From the first attempt of bone regeneration by Urist [155], the field of bone tissue engineering has grown rapidly to develop bone substitute which is more close to natural bone or to regenerate bone using different approaches. Advanced studies in bone tissue engineering in recent past both in vitro and in vivo have explained the potential of variety of cells to differentiate into osteoblasts and the supporting role of growth factors and/or biomaterials. Most of these studies have revealed the biocompatibility, biodegradability, osteoinductivity, osteoconductivity, osteogenicity and/or physico-mechanical properties. Some in vivo studies showed repair of bone defects or bone regeneration. However, complete replacement of defective bone using biomaterials is still not achieved. Creation of functional bone in laboratory condition using cell therapy is still a challenge, although different types of stem cells have shown osteogenic lineage differentiation. Because of many functional problems like mechanical strength, host immune integration, vascularization, etc. in development of bone or bone substitute that can mimic natural bone, clinical trials in human are still at bay. So far, researchers have shown successful use of biomaterials or scaffolds growth factors, and cells for bone tissue engineering, alone or in combination. However, when it comes to clinical application of these materials as bone substitute, it is difficult to obtain approval from regulatory bodies for clinical trials. The future direction should focus on establishing an ethical threshold that is effective and obtainable for future researchers to partake in more high-level studies within the clinical setting. Another reason for only few approved bone substitute for clinical trials, is the difficulties in performing pre-clinical large animal trials. High research and development costs, in combination with the current regulatory environment, present a challenge to high-quality evidence-based study.

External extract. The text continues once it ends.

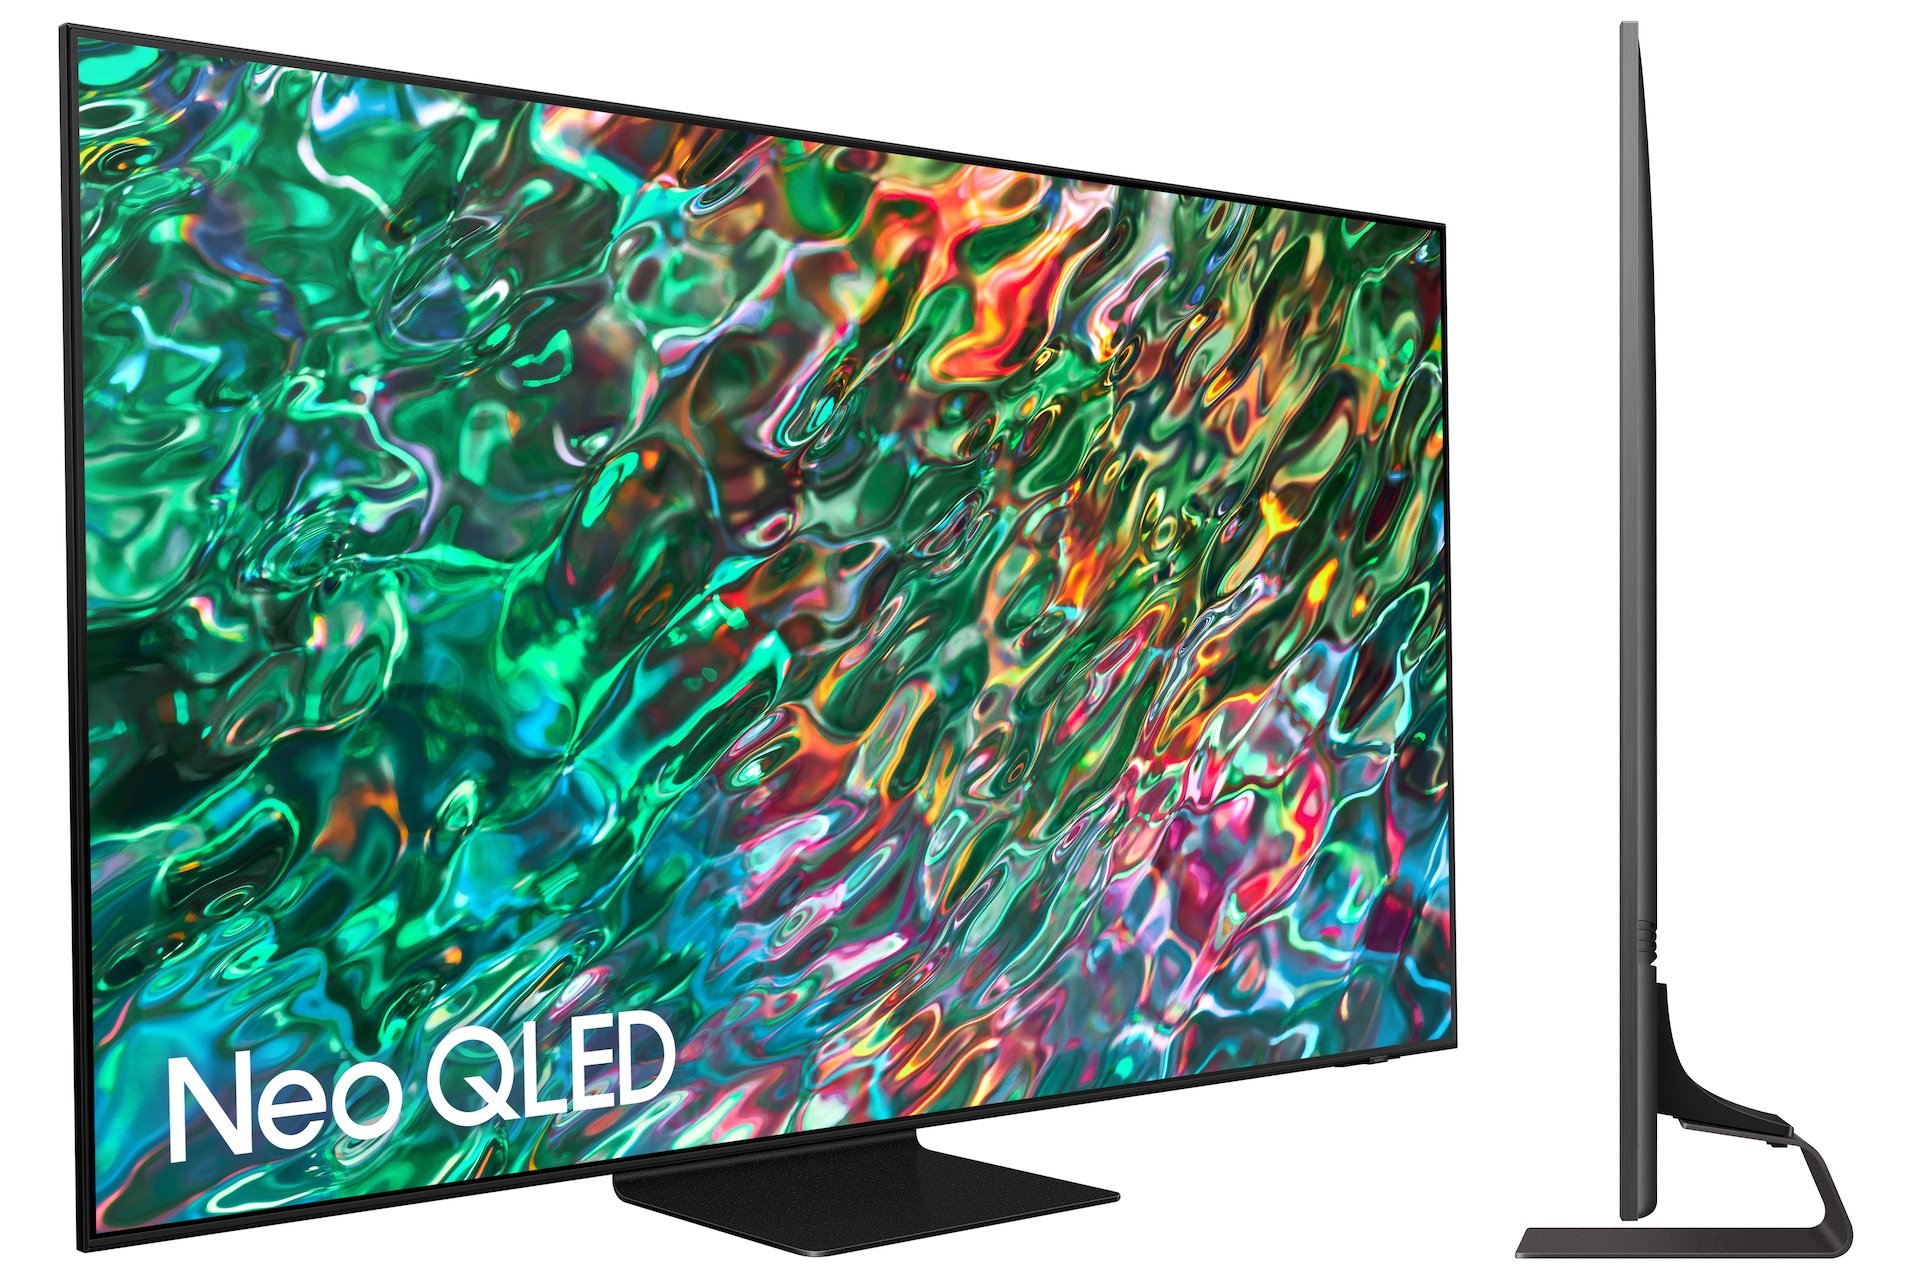 Mando a distancia universal de repuesto para Samsung TV, compatible con  todos los Samsung Frame Serif Crystal UHD Neo QLED OLED 4K 8K Smart TVs

Biomaterials for orthopedic implants have great financial impact all over the world. In U.S. alone it was predicted that the biomaterials for orthopedic implants will costs as much as $3.5 billion by the end of 2017 [156]. Patient specific manufacturing of bone substitute also adds in to the cost of therapy. Hence, further efforts are required to develop cost effective, bio-mimicking constructs which can replace defective bone in reality. Such bone tissue engineering constructs will surely bring fruitful treatments in curing bone defects via bone replacement or by regeneration. As research at the cellular level continues to expand, the opportunity for growth is limitless, with stem cell-based applications and tissue engineering potentially setting the stage for how more effective and cheap bone substitute/regeneration treatments are carried out both today and in the future.